TASK MATERIAL ->
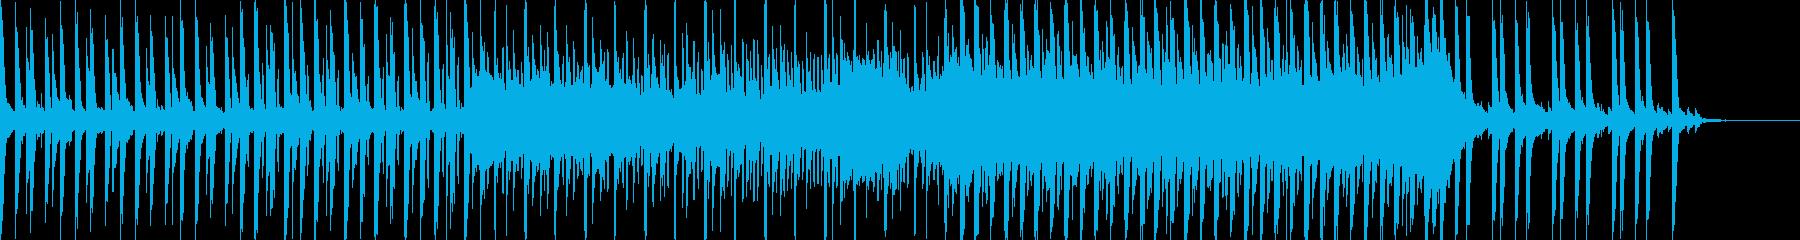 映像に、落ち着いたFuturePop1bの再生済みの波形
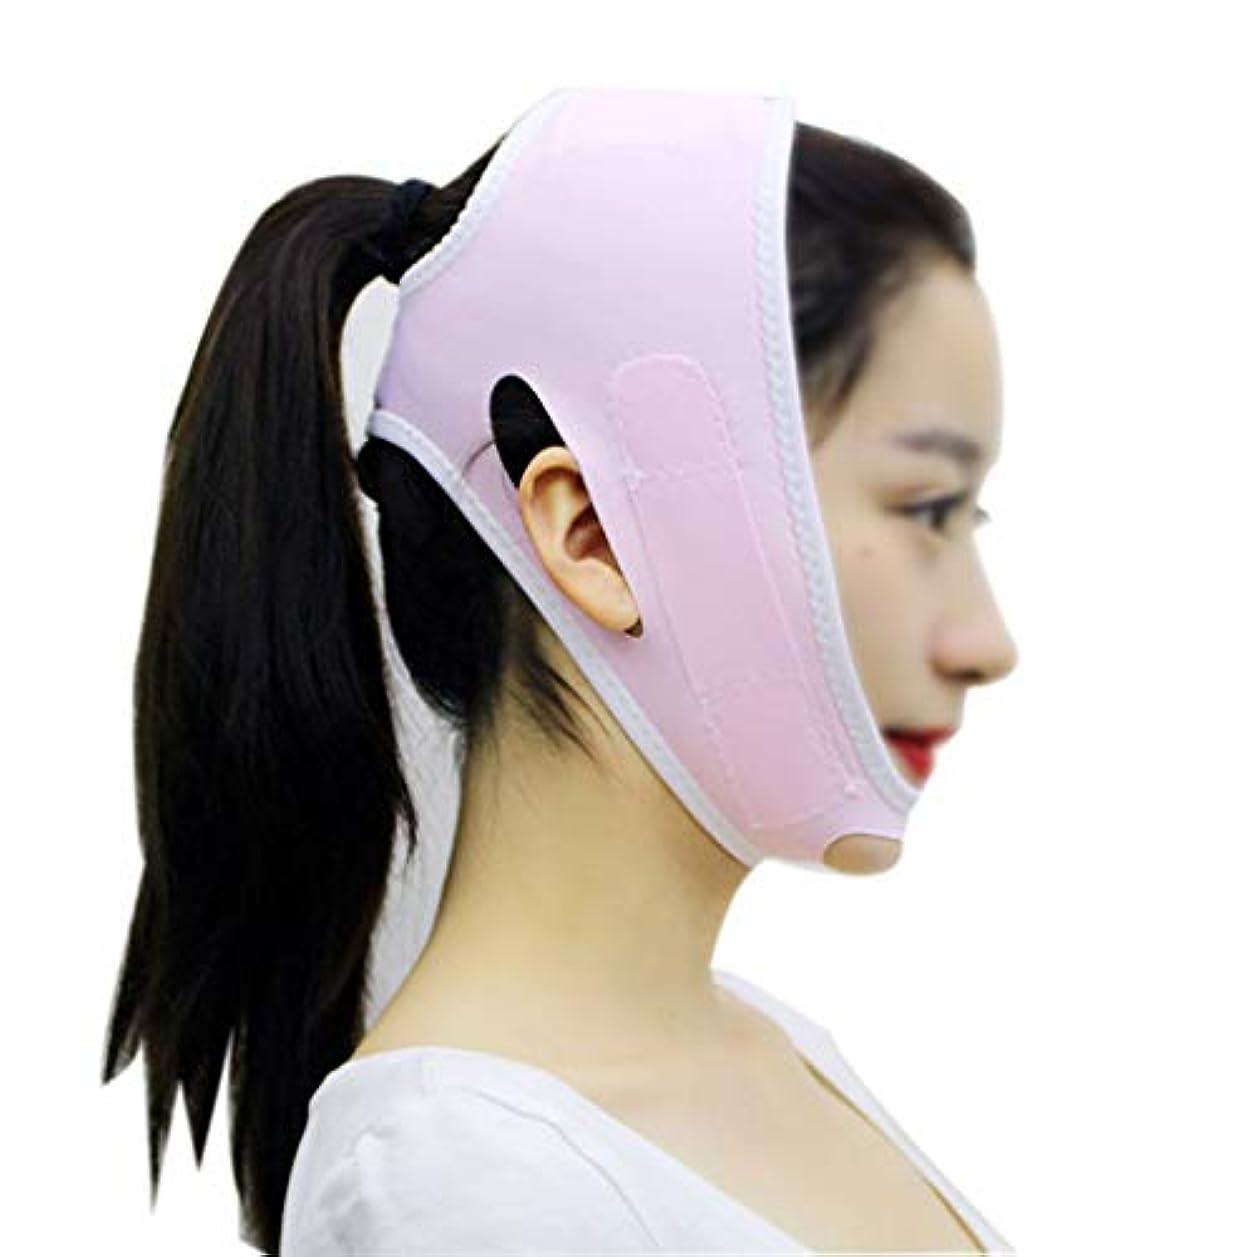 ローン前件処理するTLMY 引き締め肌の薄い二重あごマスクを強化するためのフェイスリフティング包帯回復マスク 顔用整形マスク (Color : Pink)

...

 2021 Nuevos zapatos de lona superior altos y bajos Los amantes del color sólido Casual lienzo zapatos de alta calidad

==

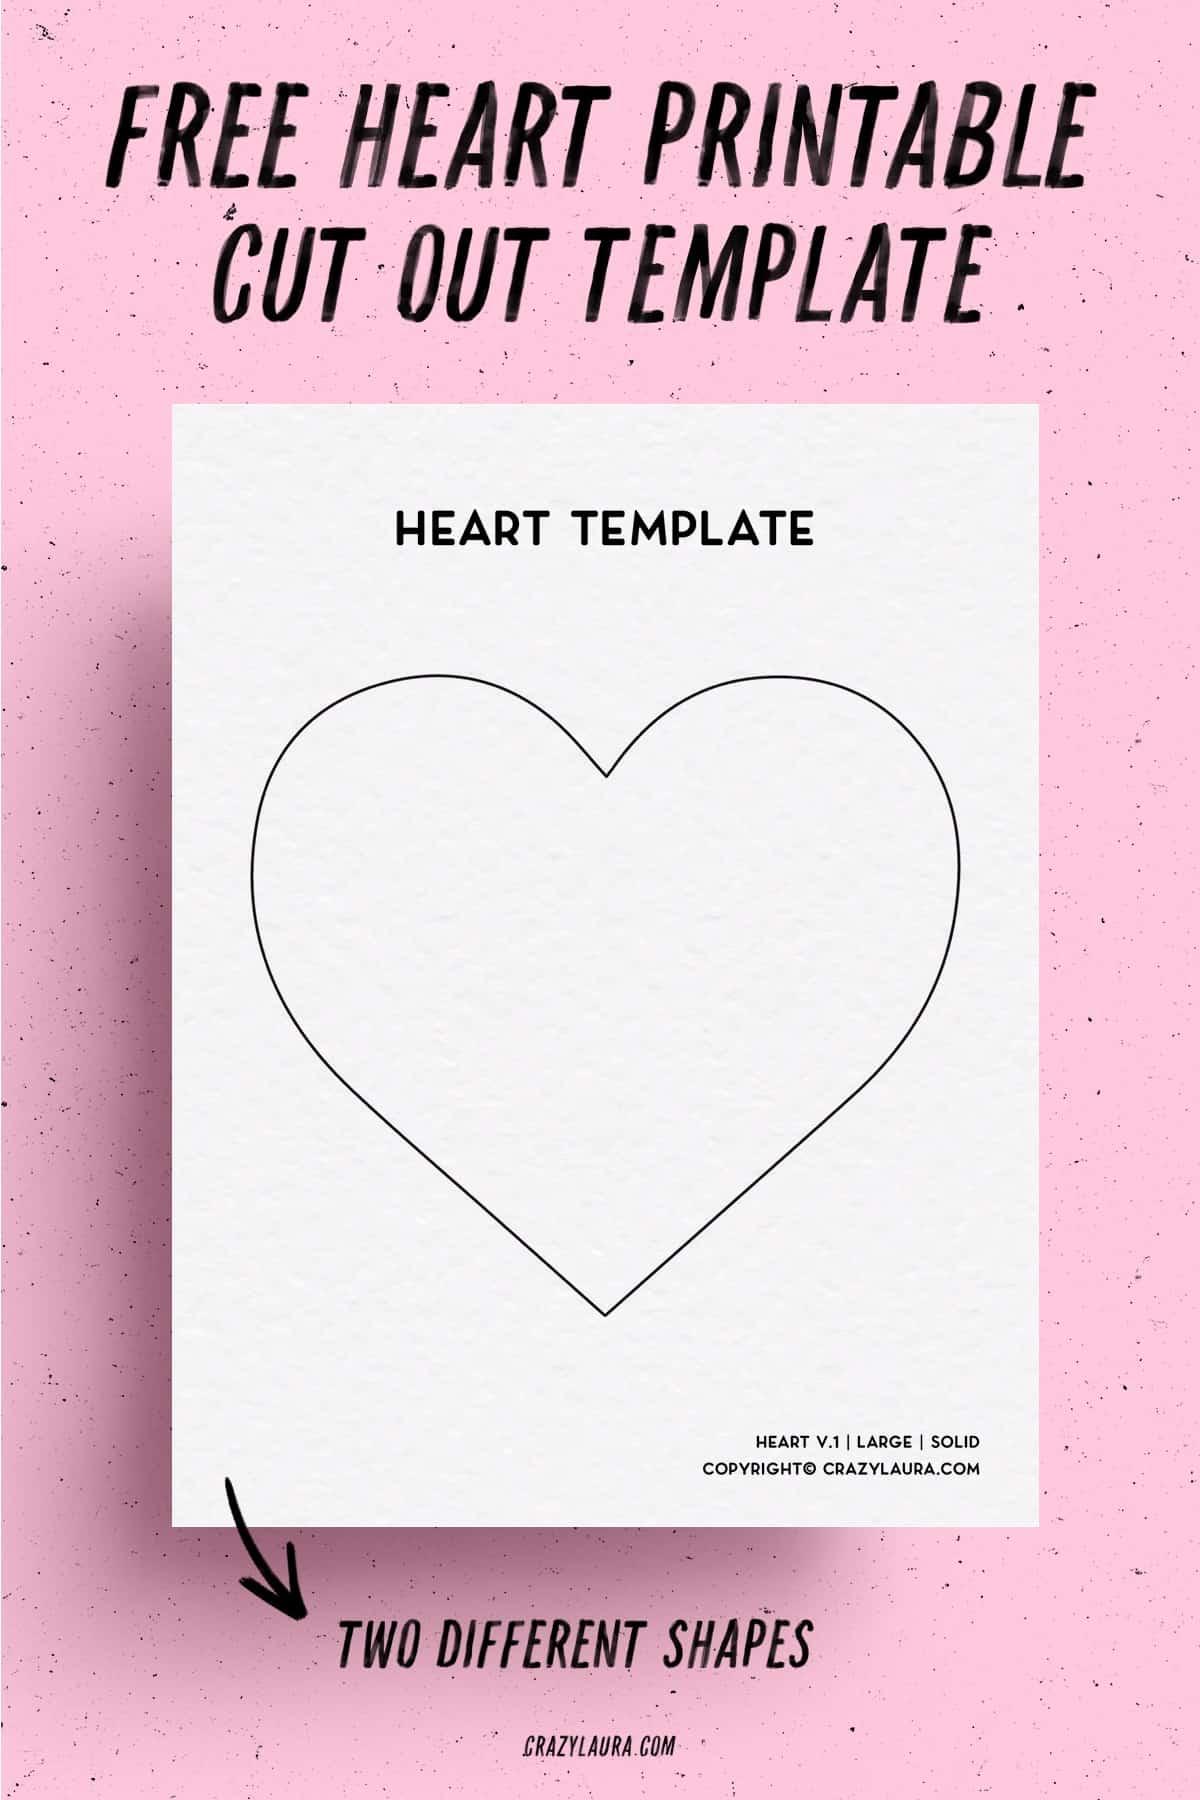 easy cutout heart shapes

WHAT YOU WILL DO -> From the listing above, please give again the lines that begin with the line holding "映像に、落ち着いたFuturePop1bの再生済みの波形" and go on through the line holding "ローン前件処理するTLMY 引き締め肌の薄い二重あごマスクを強化するためのフェイスリフティング包帯回復マスク 顔用整形マスク", exactly, both ends included, minus any picture.

SOLVED EXERCISE ->
 映像に、落ち着いたFuturePop1bの再生済みの波形
 ローン前件処理するTLMY 引き締め肌の薄い二重あごマスクを強化するためのフェイスリフティング包帯回復マスク 顔用整形マスク (Color : Pink)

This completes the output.